Coinbase vs. SEC: Appeals Court Battle Over Crypto Regulation

Coinbase Vs Sec

Coinbase asked an appeals court to look into whether or not traditional securities laws apply to cryptocurrency, but US regulators claimed the court shouldn’t do that.

The biggest U.S. cryptocurrency exchange, Coinbase, recently asked the Second Circuit Court of Appeals to decide whether digital assets should be subject to the Howey Test, a historically applicable evaluation for securities established by the Supreme Court.

All digital assets should be subject to the same standards set by the Supreme Court for securities. Ideally, Coinbase would like it not to.

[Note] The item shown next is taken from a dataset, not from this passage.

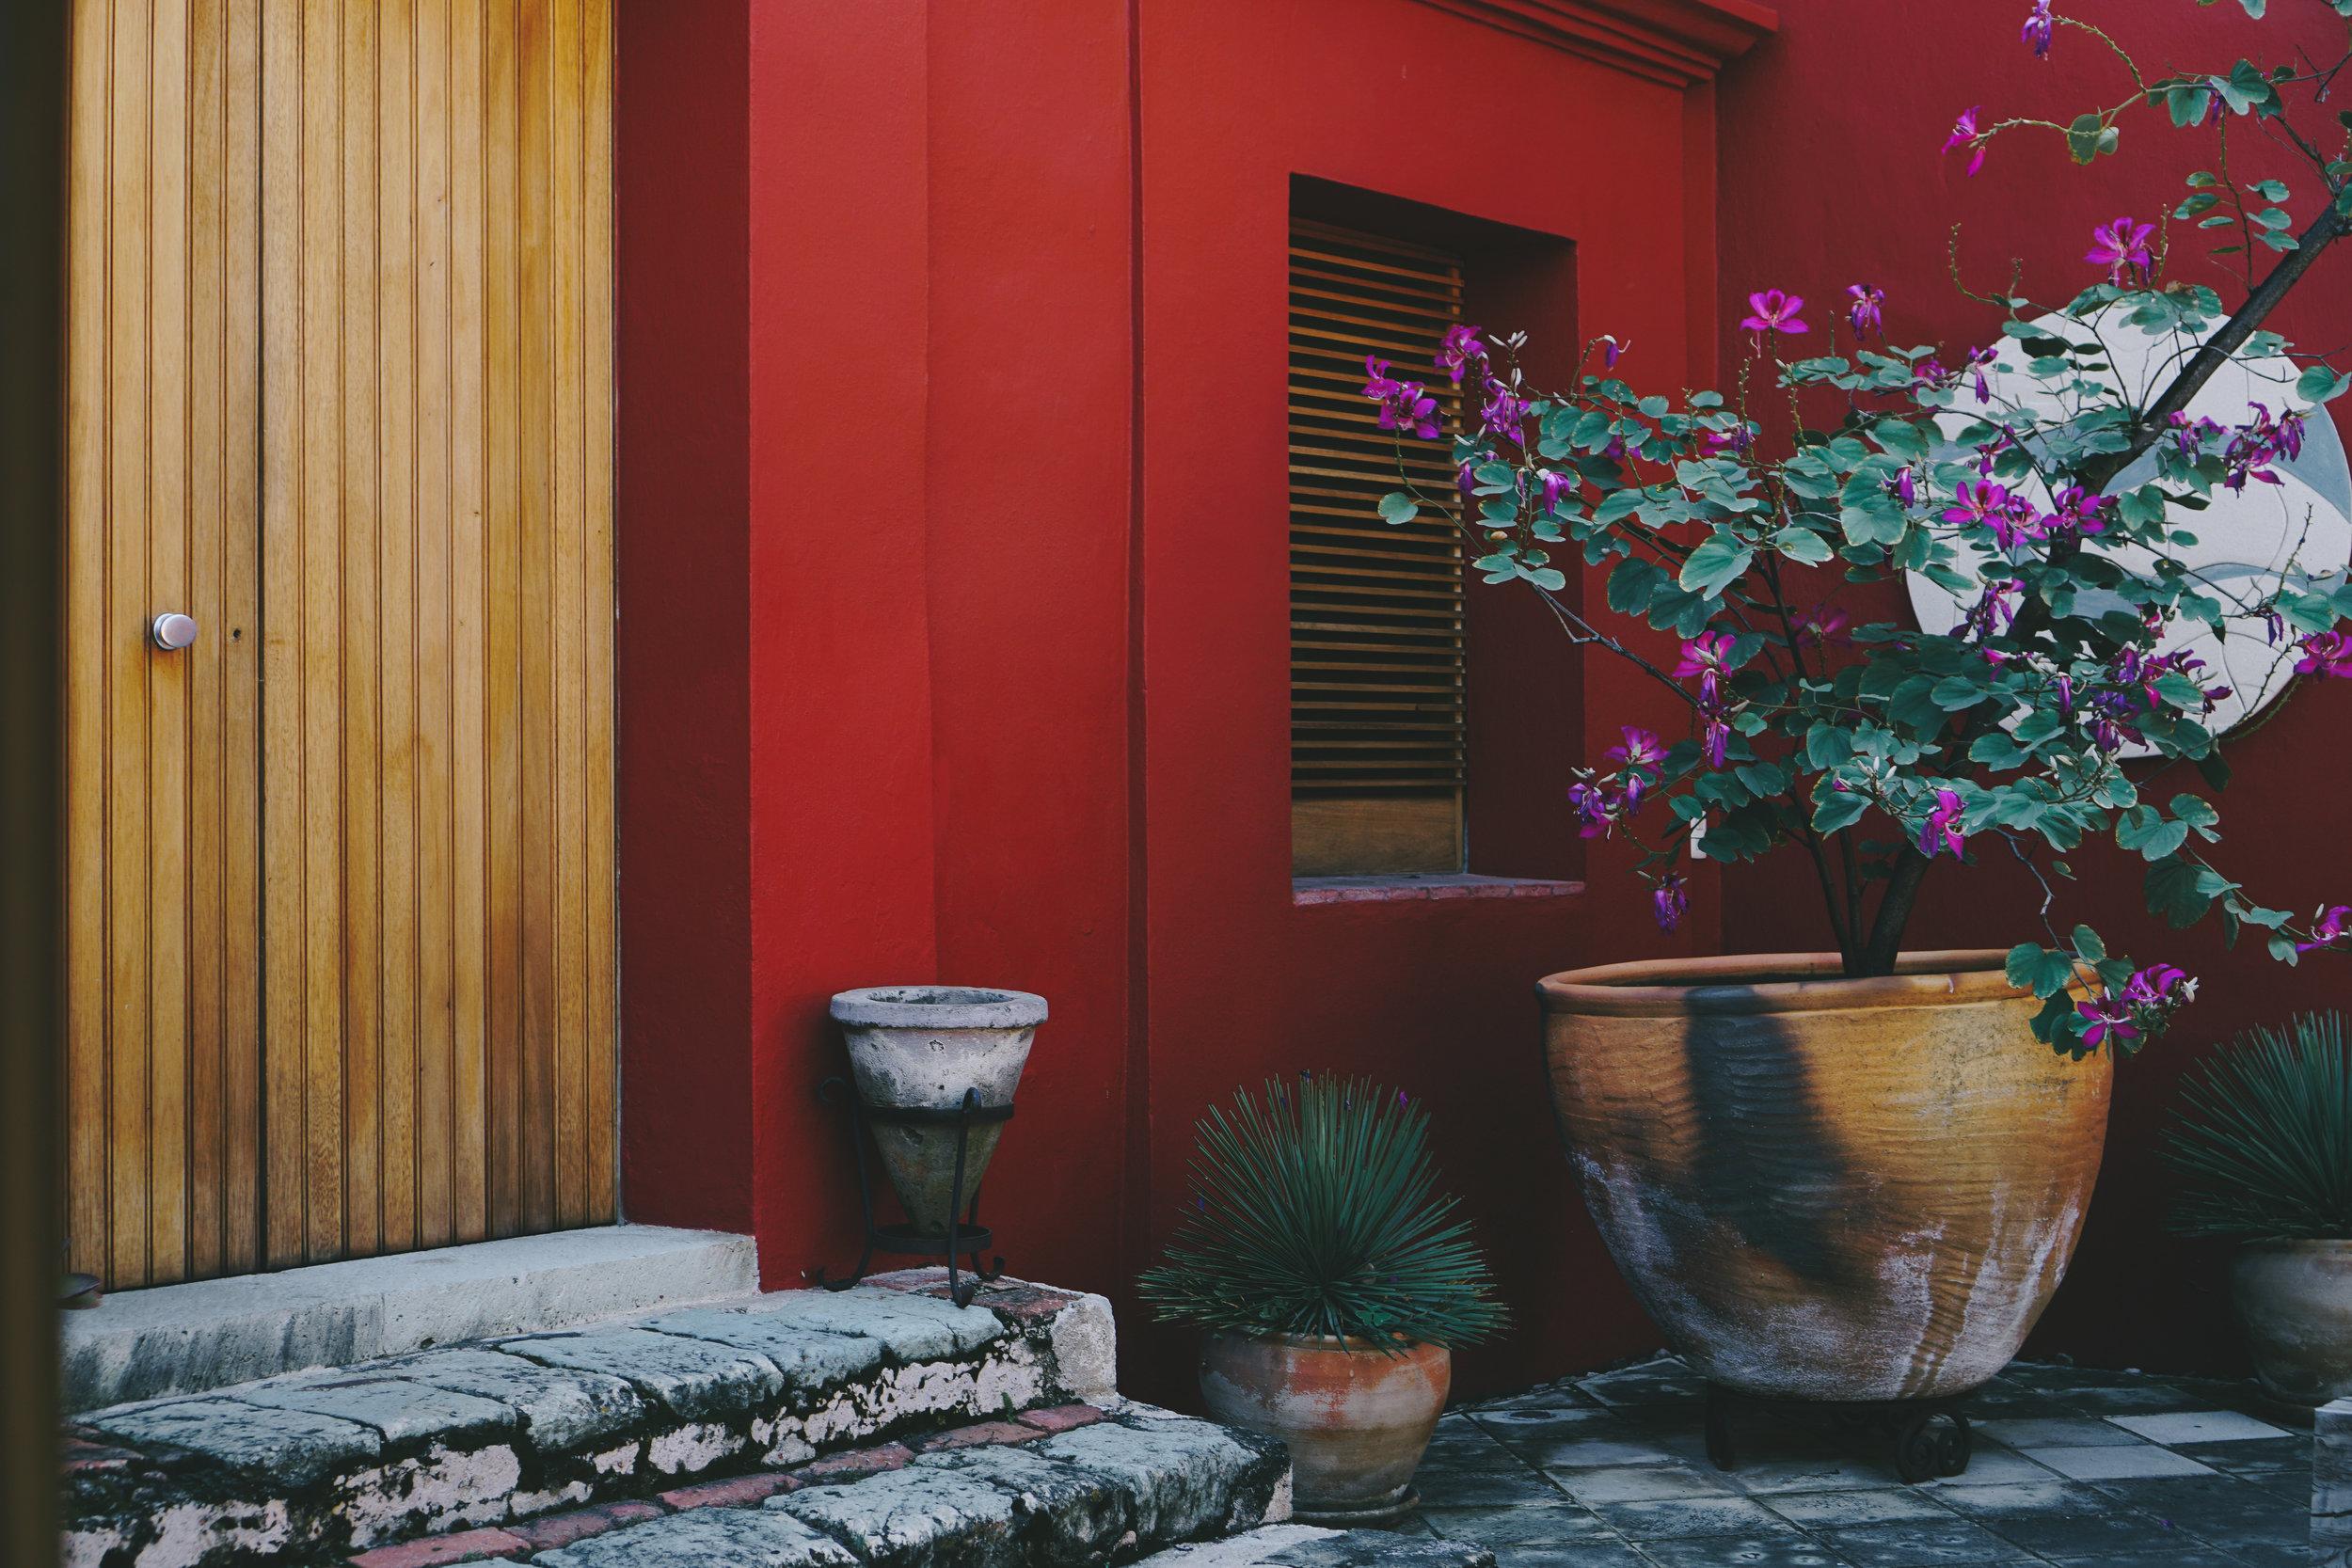 Insiders Guide to Oaxaca - www.letsregale.com 13.jpg

The US Securities and Exchange Commission (SEC) stated on Friday that Coinbase has failed to adequately demonstrate the necessity of this.

The US Securities and Exchange Commission has accused Coinbase of acting as an unlicensed broker, exchange, and clearinghouse, and the central question is whether or not this is true. According to authorities, Coinbase should have obtained the SEC’s approval before allowing consumers to trade some cryptocurrencies if they qualify as securities and pass the Howey Test.

A district court judge had already rejected firm’s attempt to establish a “new legal test” for the potential integration of cryptocurrency into preexisting securities precedent, according to the SEC’s complaint.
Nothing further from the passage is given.